The received wisdom is that Robert Moses was determined to route the Brooklyn-Queens Expressway through Brooklyn Heights, following the route of Hicks Street, staying roughly on the course it had taken through Carroll Gardens and Cobble Hill, but that heroic resistance by Heights residents convinced him to try the innovative plan (where have we heard that lately?) of building a cantilevered highway on the side of the bluff below the Heights, with a Promenade on top.

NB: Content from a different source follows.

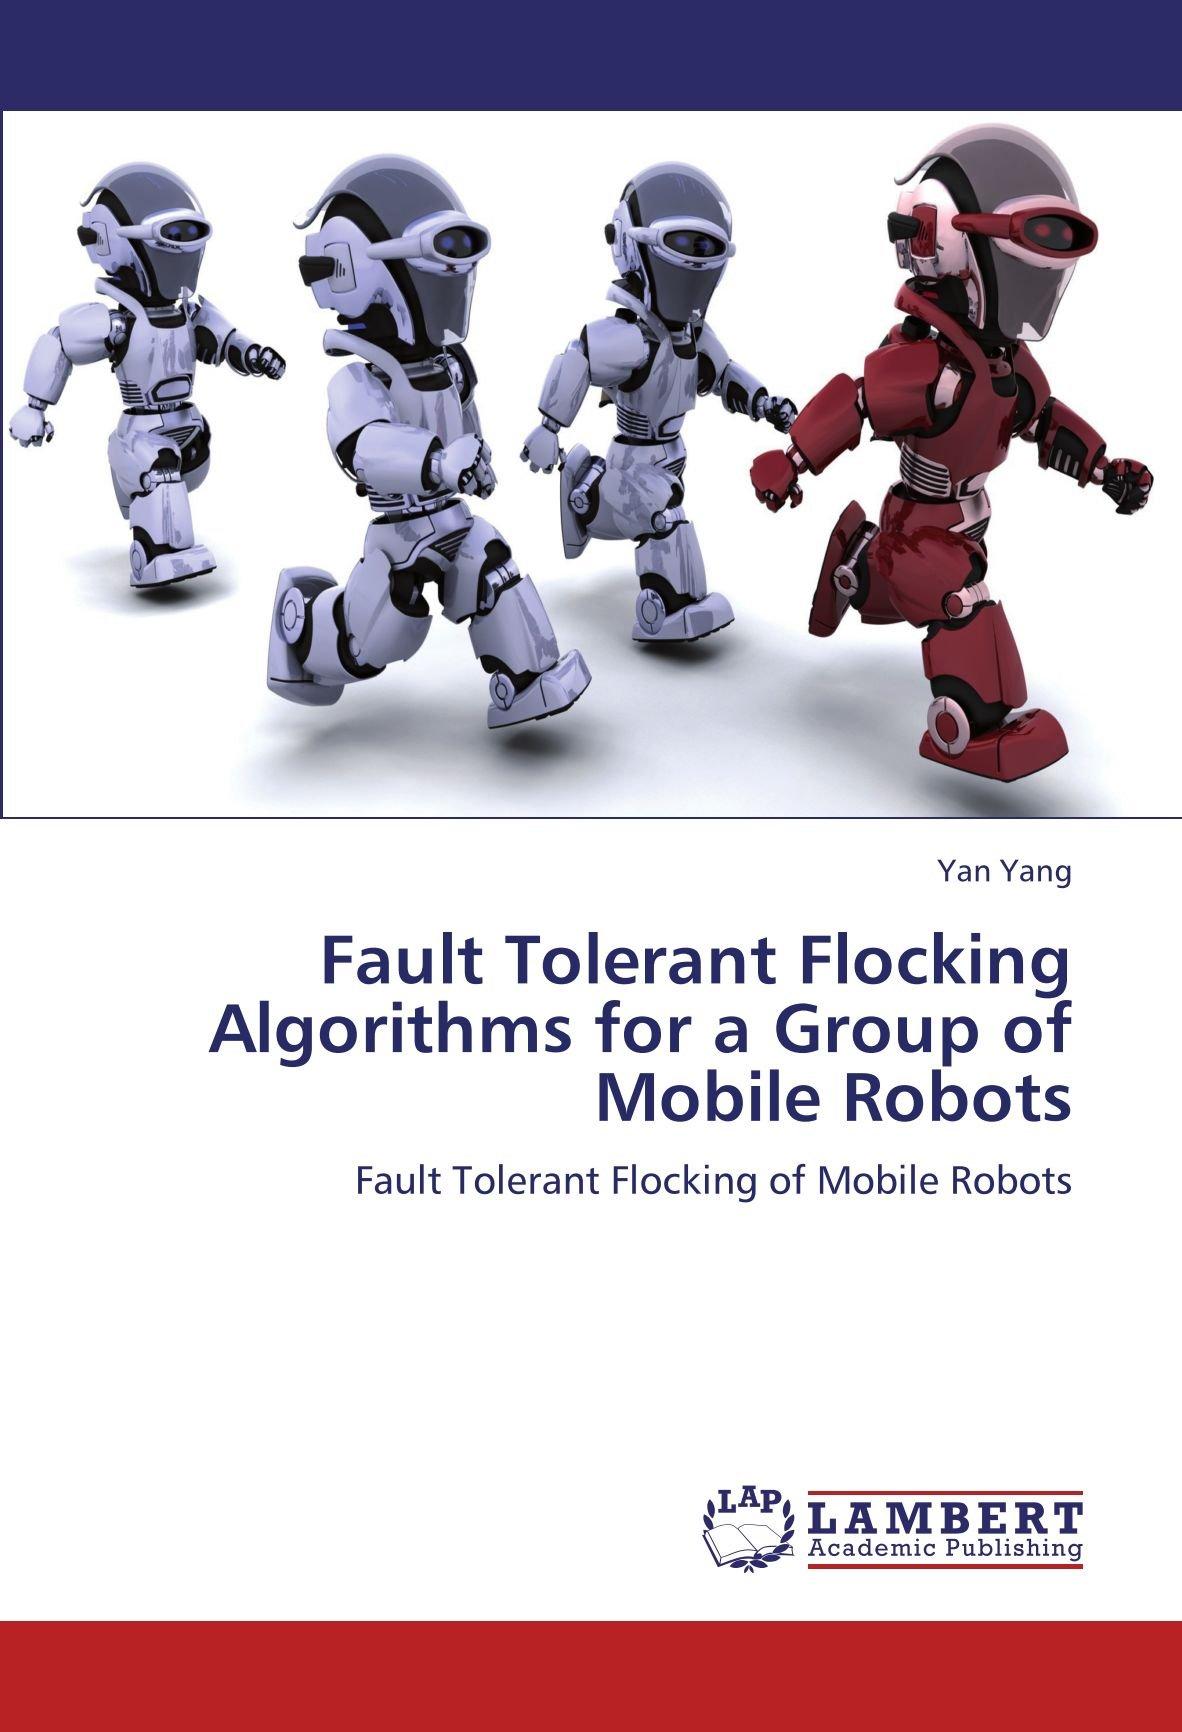 Download Fault Tolerant Flocking Algorithms for a Group of Mobile Robots: Fault Tolerant Flocking of Mobile Robots ebook

That’s all wrong, according to Thomas J. Campanella, in New York Magazine’s “Intelligencer”. Mr. Campanella, associate professor of city planning at Cornell University and historian-in-residence of the New York City Parks Department, contends that Moses never seriously intended for the BQE to follow the Hicks Street route, instead preferring a route paralleling Furman Street. Still, he was angry with the Heights because residents here enlisted the aid of Eleanor Roosevelt to oppose his plan for a Brooklyn-Battery Bridge, which they regarded as a potential eyesore, and forced him to build a tunnel instead. To get revenge, he posted surveyors with theodolites along Hicks, prompting an alarmed headline in the Brooklyn Heights Press. His other intention was to get approval for his proposal to top his cantilevered highway with a promenade that would be part of the public park system. The idea of a public promenade there had been proposed several times before, but Columbia Heights residents had always opposed it.
So, should the story of the brave Heights resistance leading to Moses’ revising his highway plan join the lovely tale of Miss Middagh’s renaming of the Fruit Streets as fake history?